Assignment: The lines from the one with "Indonesia's first subway" through the last line of the material below, copied exactly and free of pictures, make up the whole answer.

------------------------------------------------------------

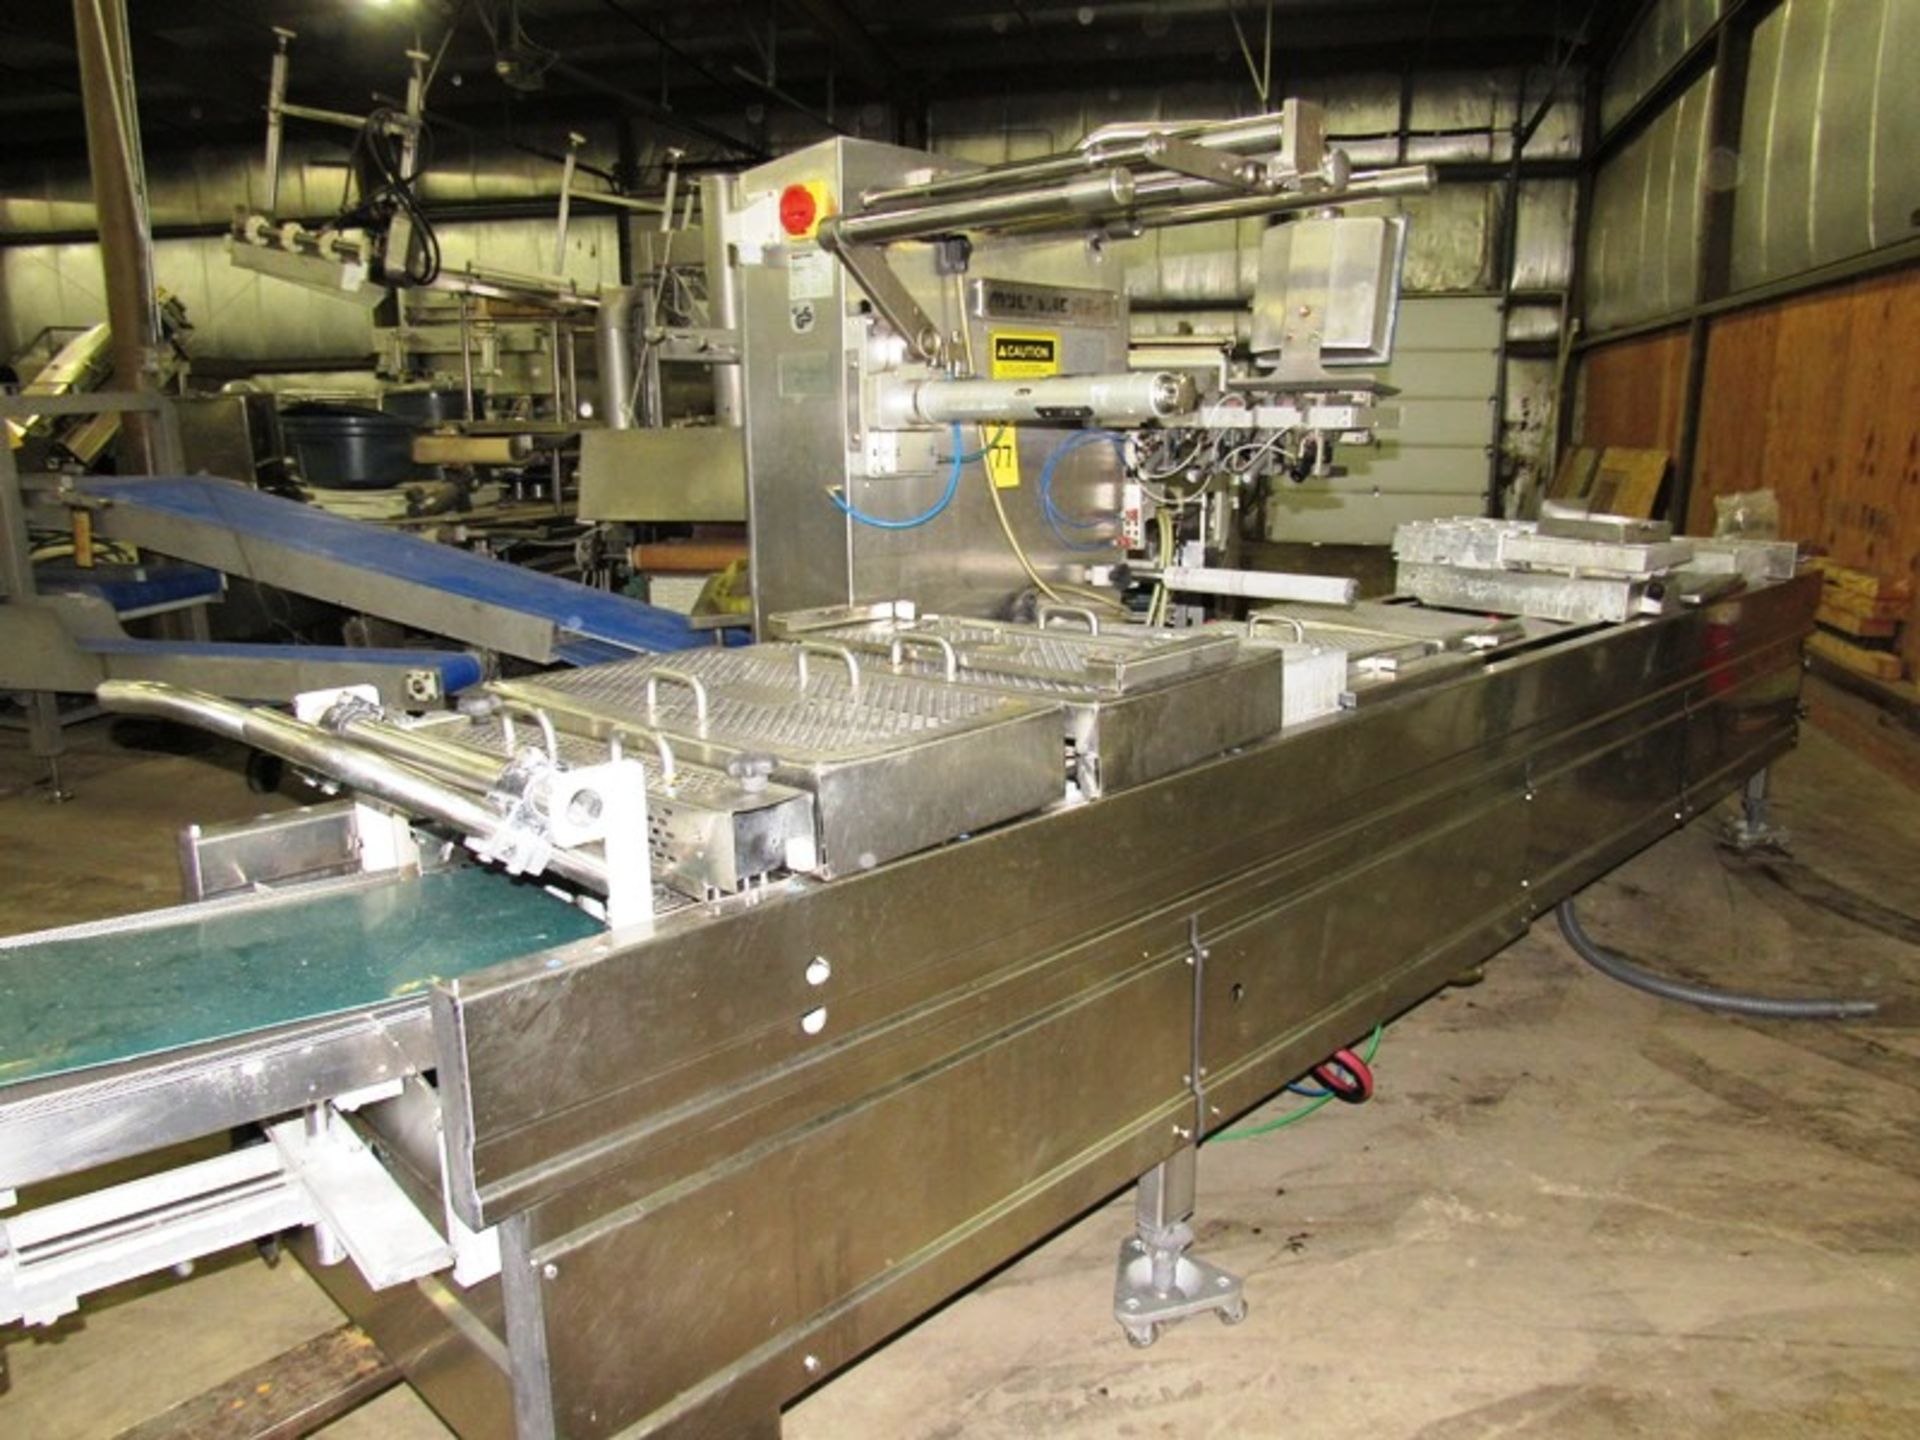 Multivac Mdl. R240 Rollstock Thermoforming Packager, Ser. #106852, approx. 450 mm between chains,
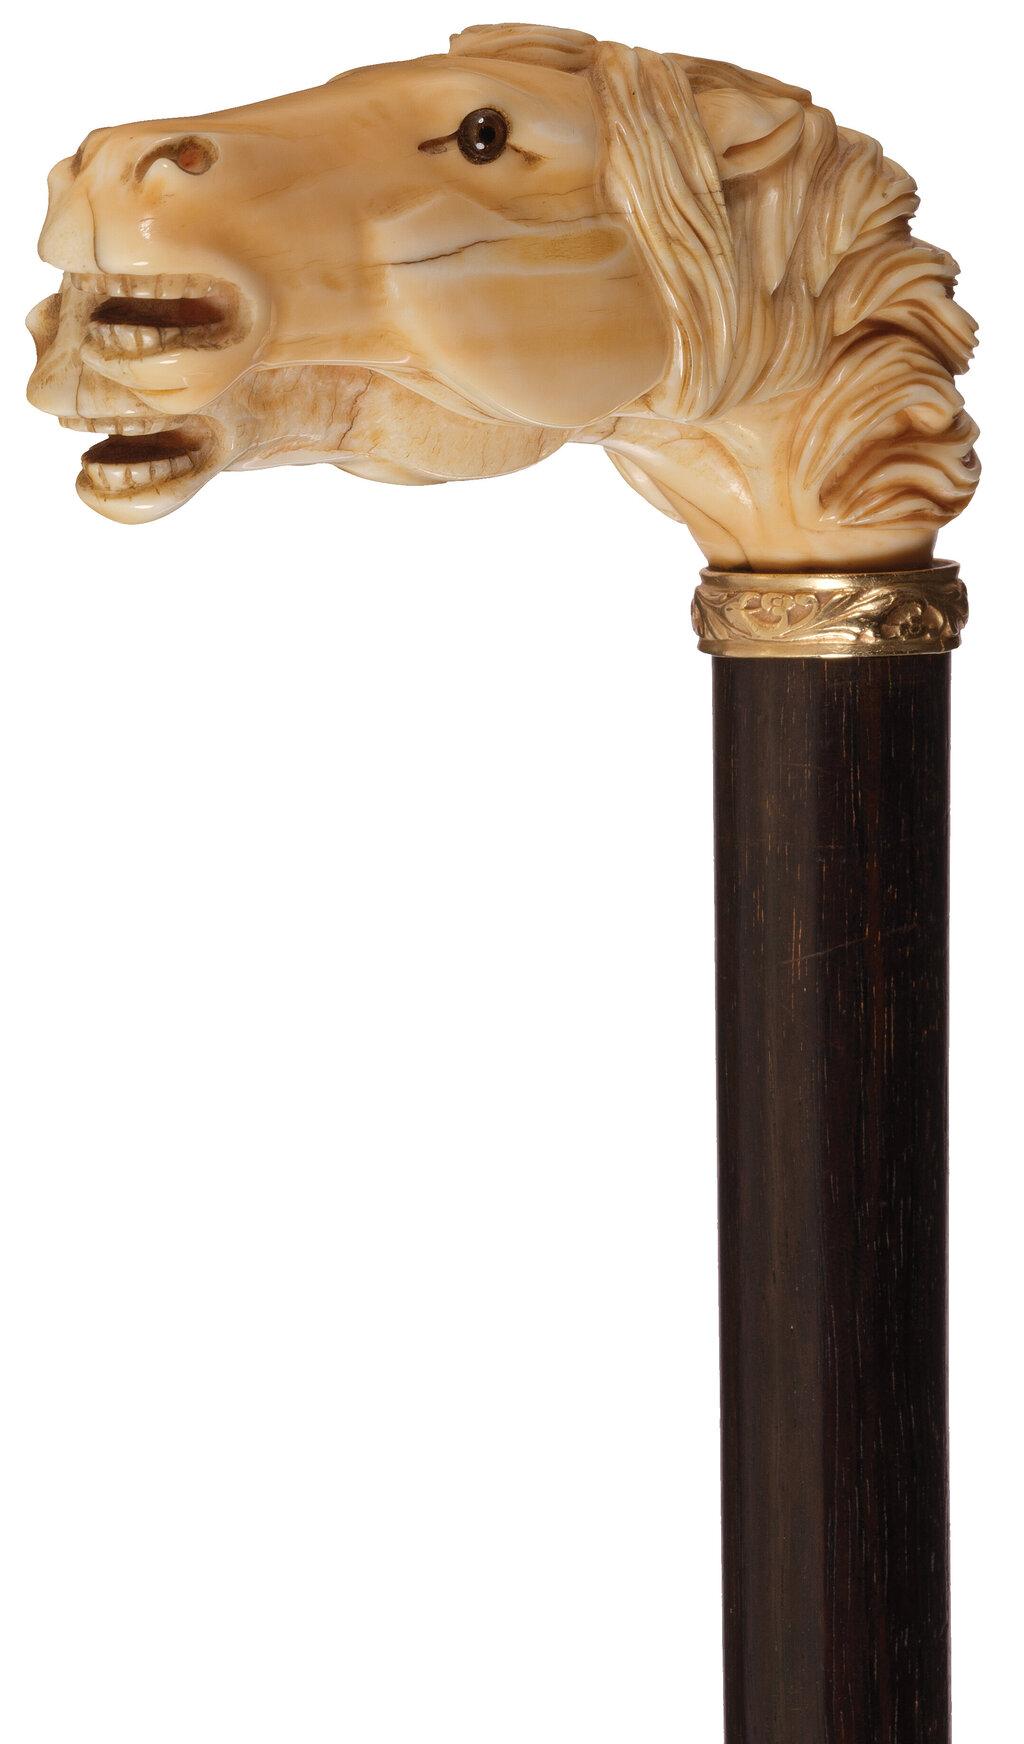 Relief Carved Double Horse Head Cane with Gilt Band
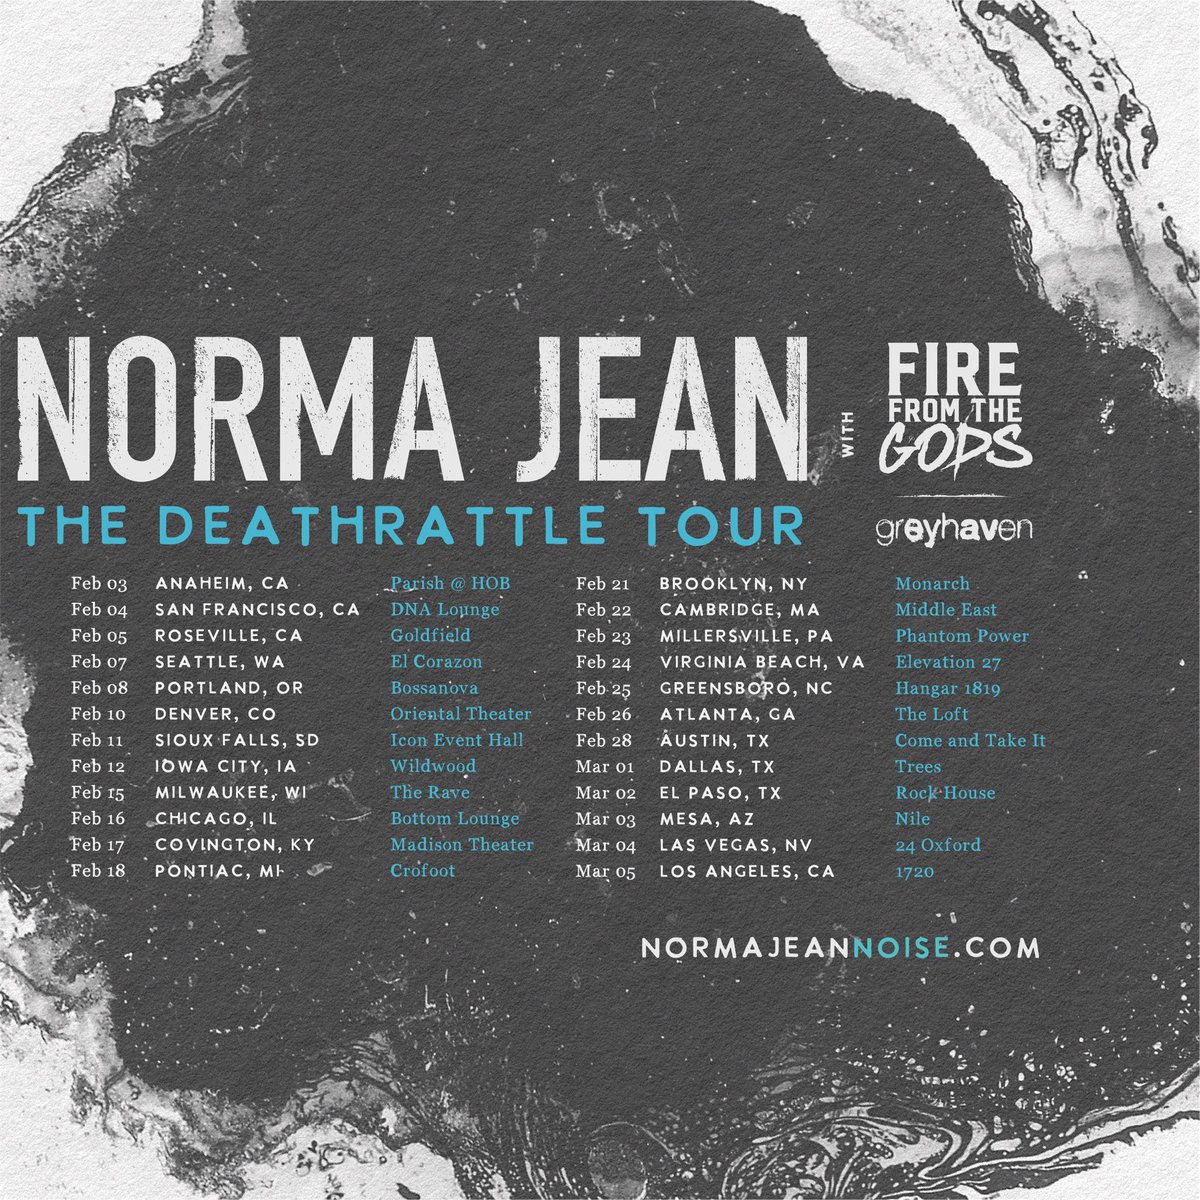 The Almighty Norma Jean on Twitter "𝙏𝙃𝙀 𝘿𝙀𝘼𝙏𝙃𝙍𝘼𝙏𝙏𝙇𝙀 𝙏𝙊𝙐𝙍, coming
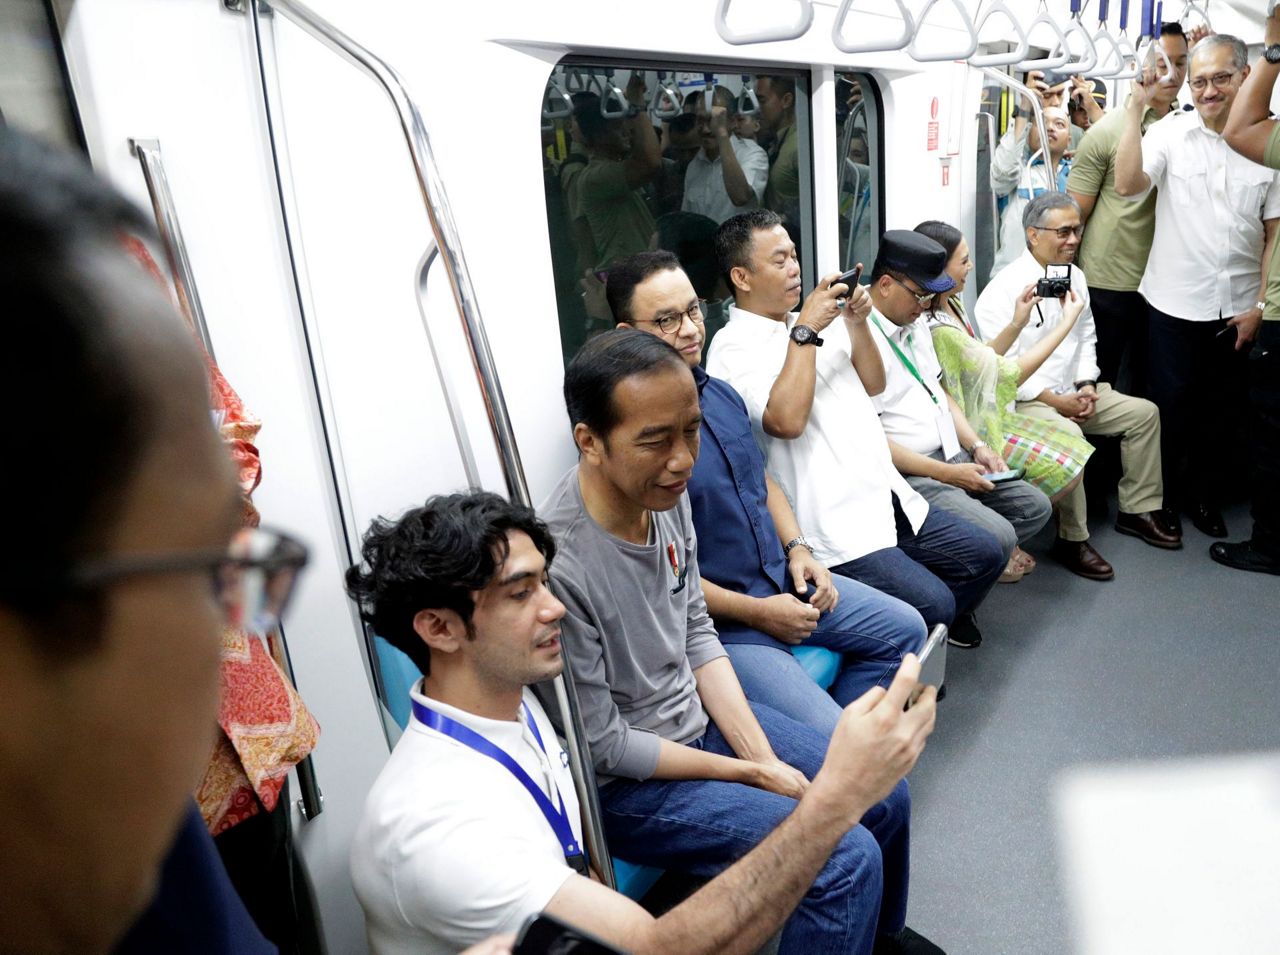 Indonesia's first subway opens in its gridlocked capital
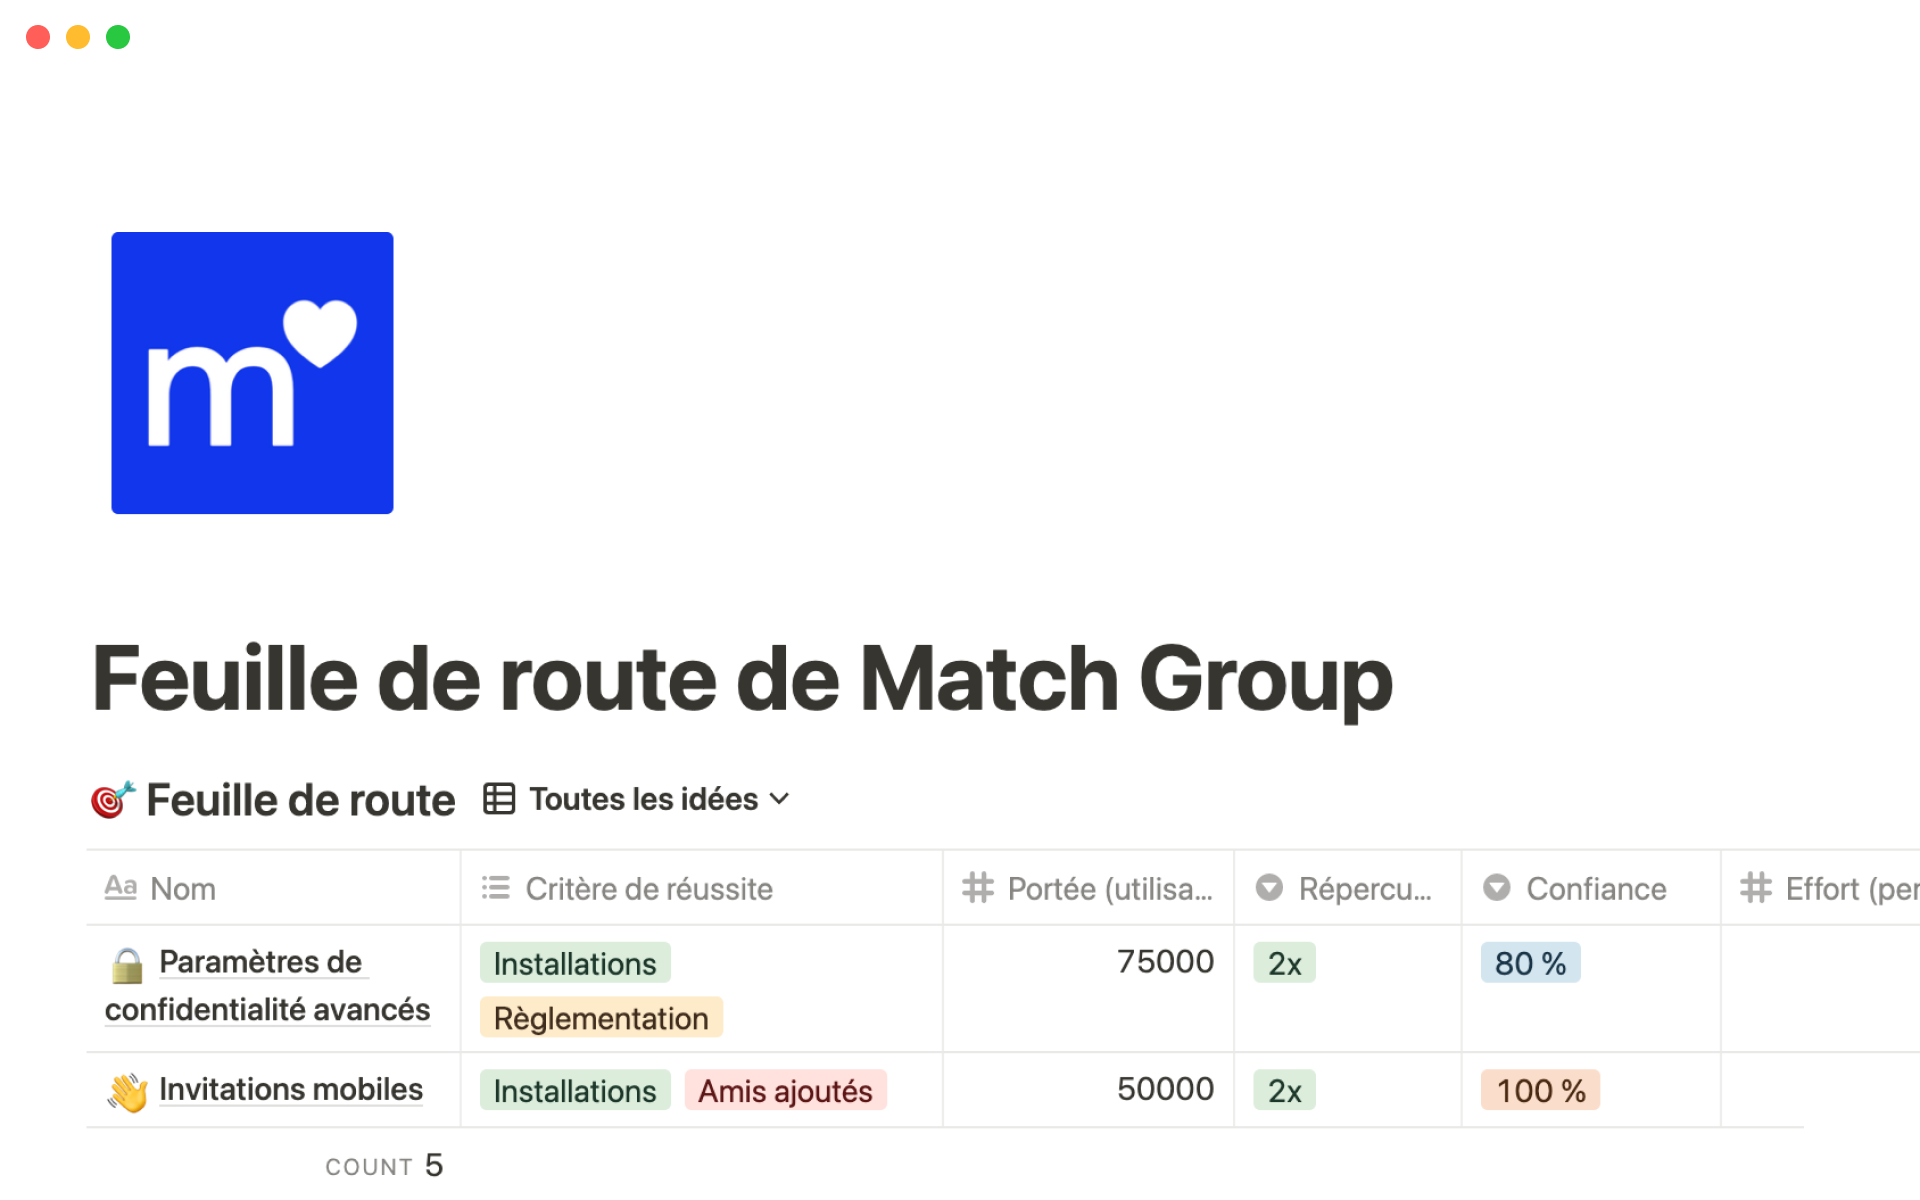 The desktop image for the Match Group's roadmap template

------------------------------------------------------------

Written solution:
 Indonesia's first subway opens in its gridlocked capital
 The desktop image for the Match Group's roadmap template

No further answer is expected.